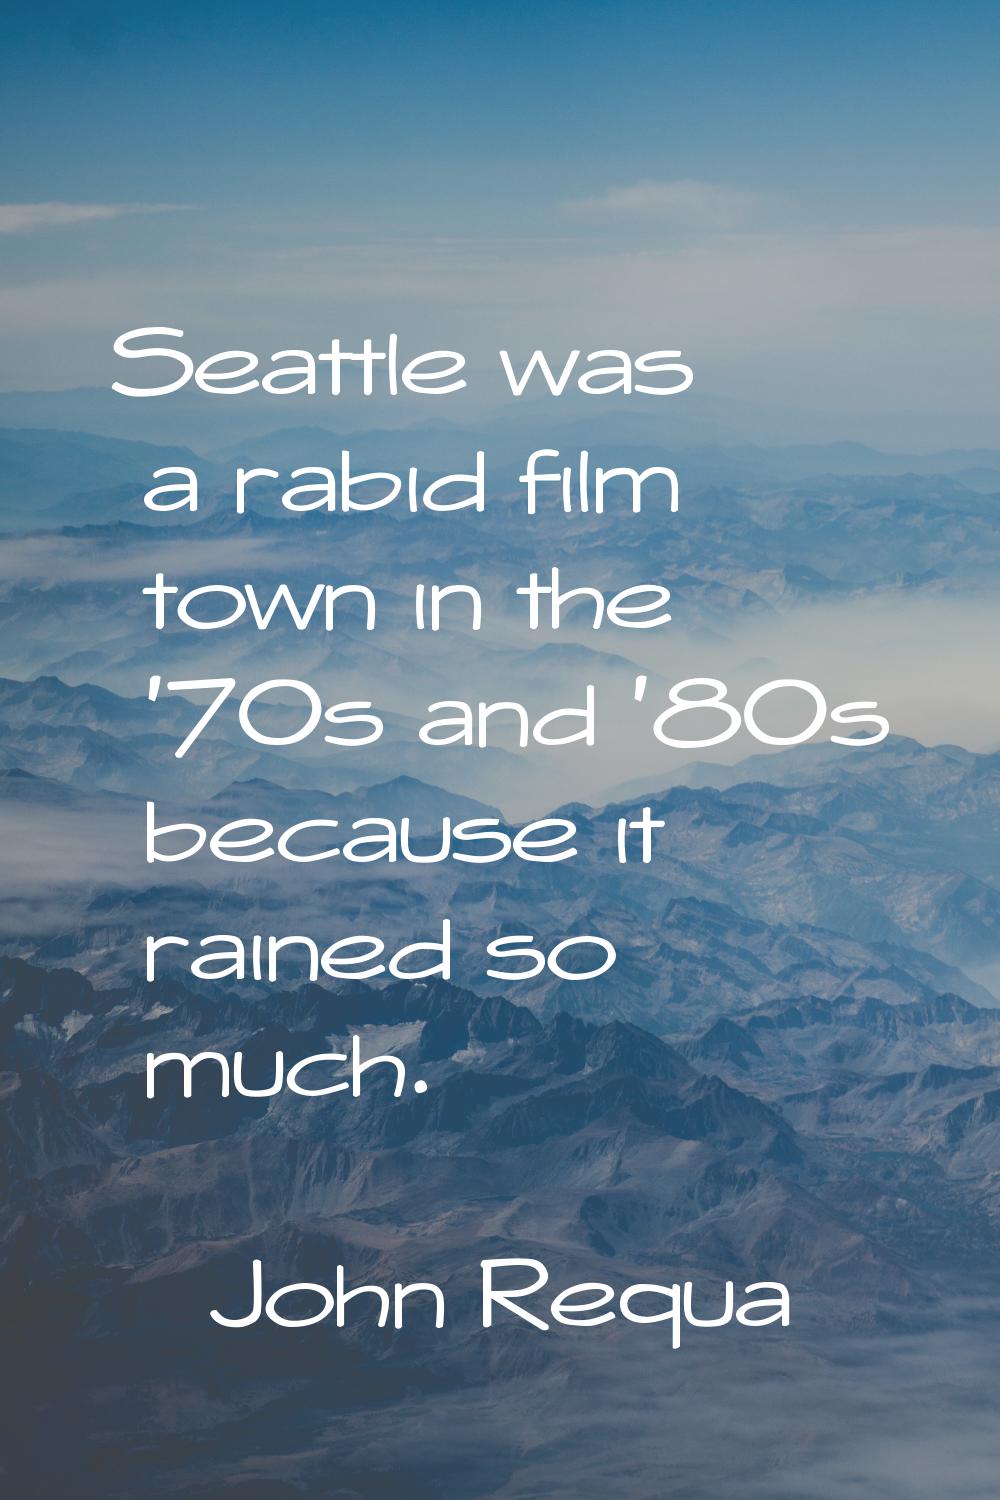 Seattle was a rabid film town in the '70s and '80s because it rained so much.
--
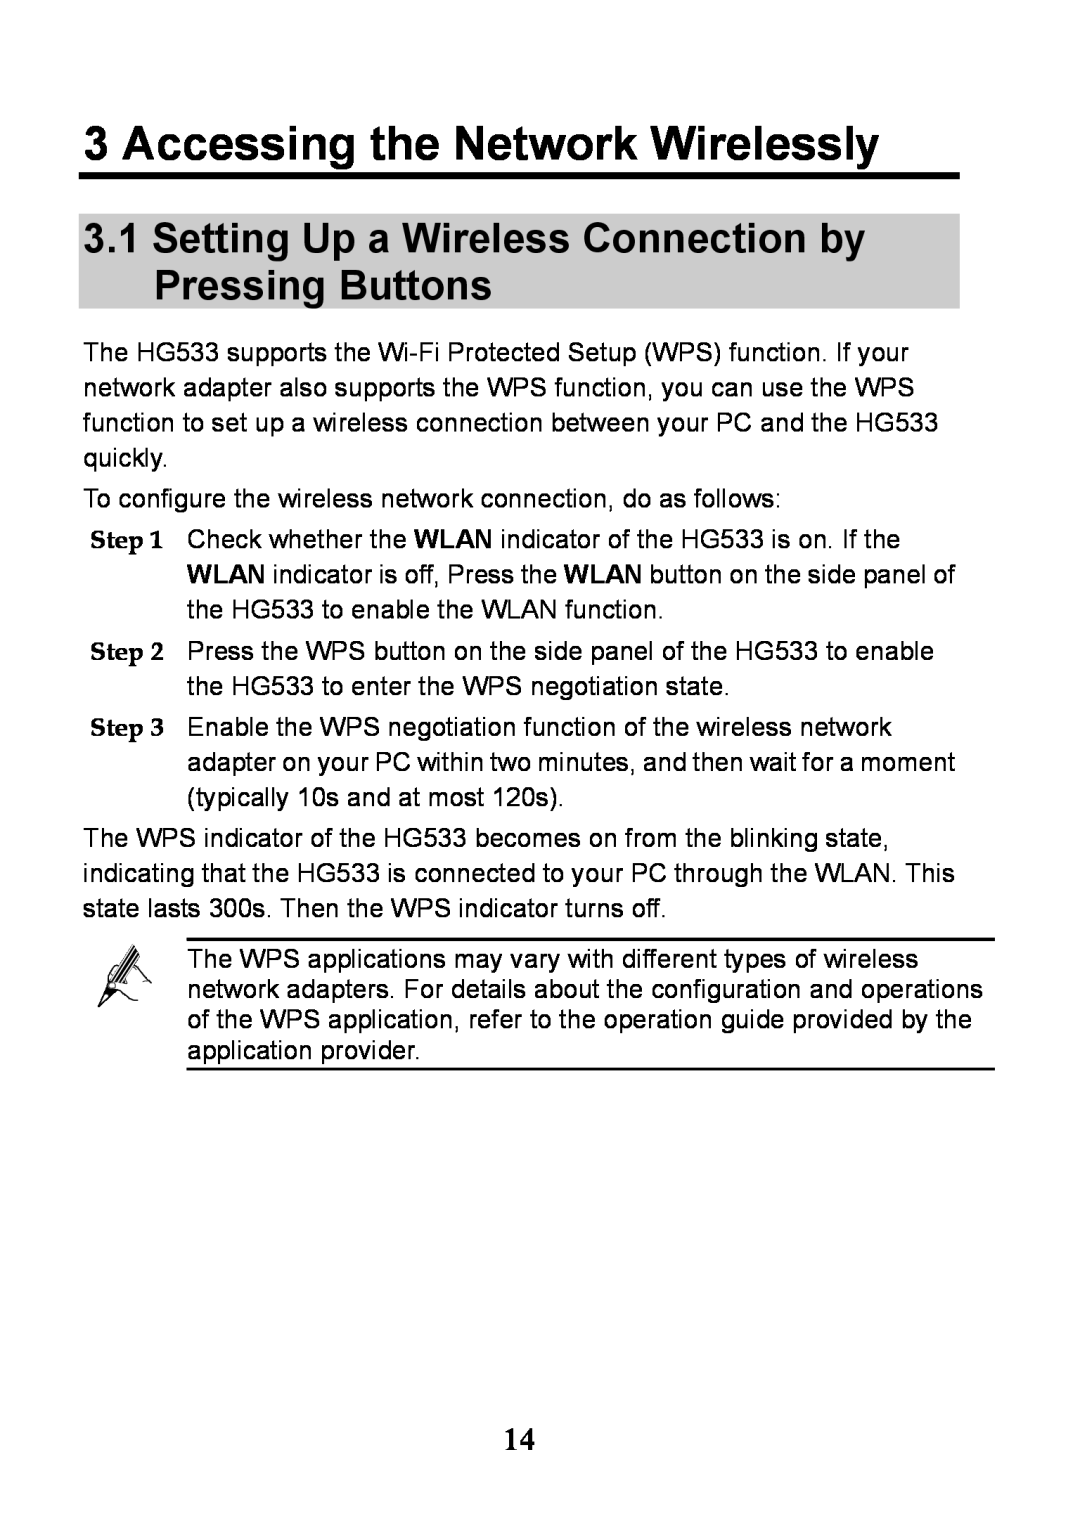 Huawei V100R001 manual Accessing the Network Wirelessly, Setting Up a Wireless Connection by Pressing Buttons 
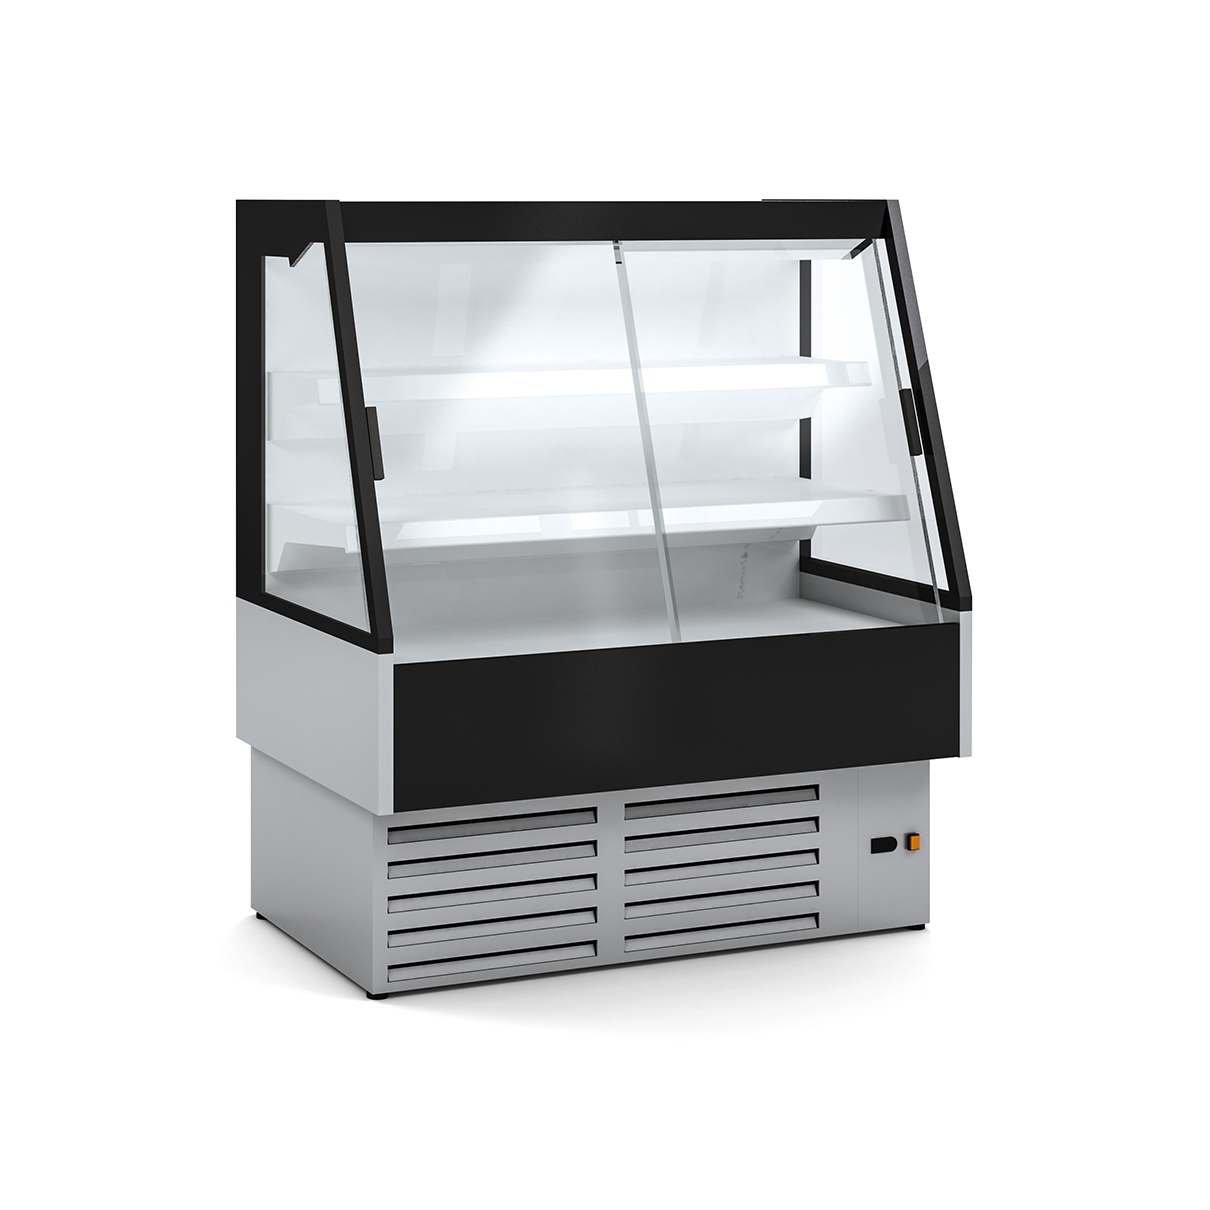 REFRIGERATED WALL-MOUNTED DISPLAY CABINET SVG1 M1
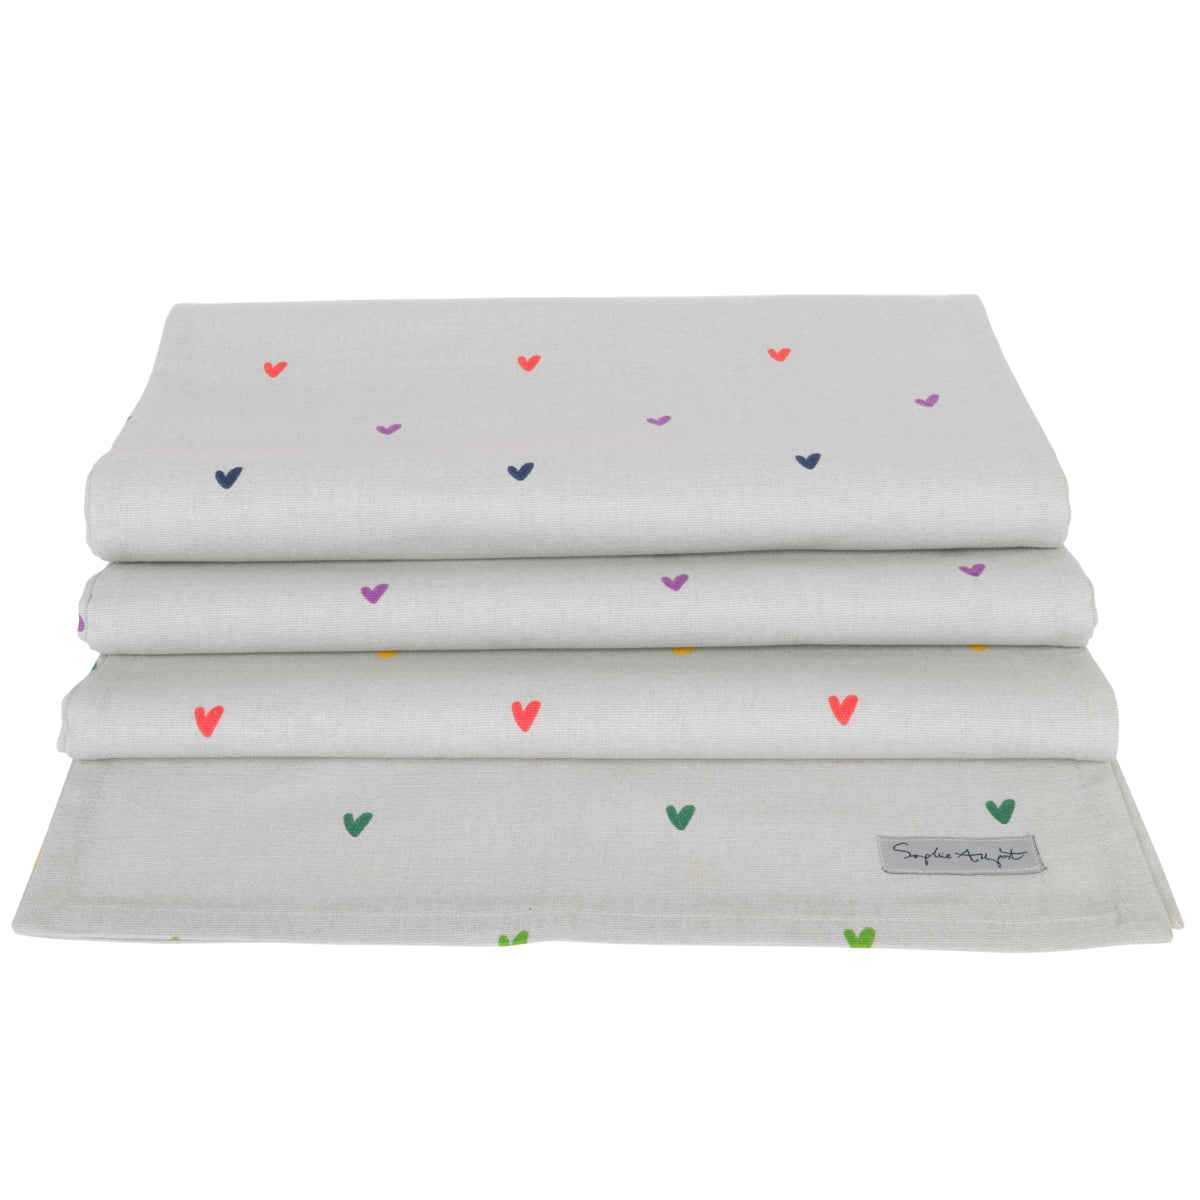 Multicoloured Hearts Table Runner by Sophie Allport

**WORK TO BE COMPLETED**.
Using the listing above, reproduce word for word every line from the one containing "Huawei V100R001 manual" through the one containing "Multicoloured Hearts Table". Pictures must be left out.

**RESULT OF THE EXERCISE**.
 Huawei V100R001 manual Accessing the Network Wirelessly, Setting Up a Wireless Connection by Pressing Buttons 
 REFRIGERATED WALL-MOUNTED DISPLAY CABINET SVG1 M1
 Multicoloured Hearts Table Runner by Sophie Allport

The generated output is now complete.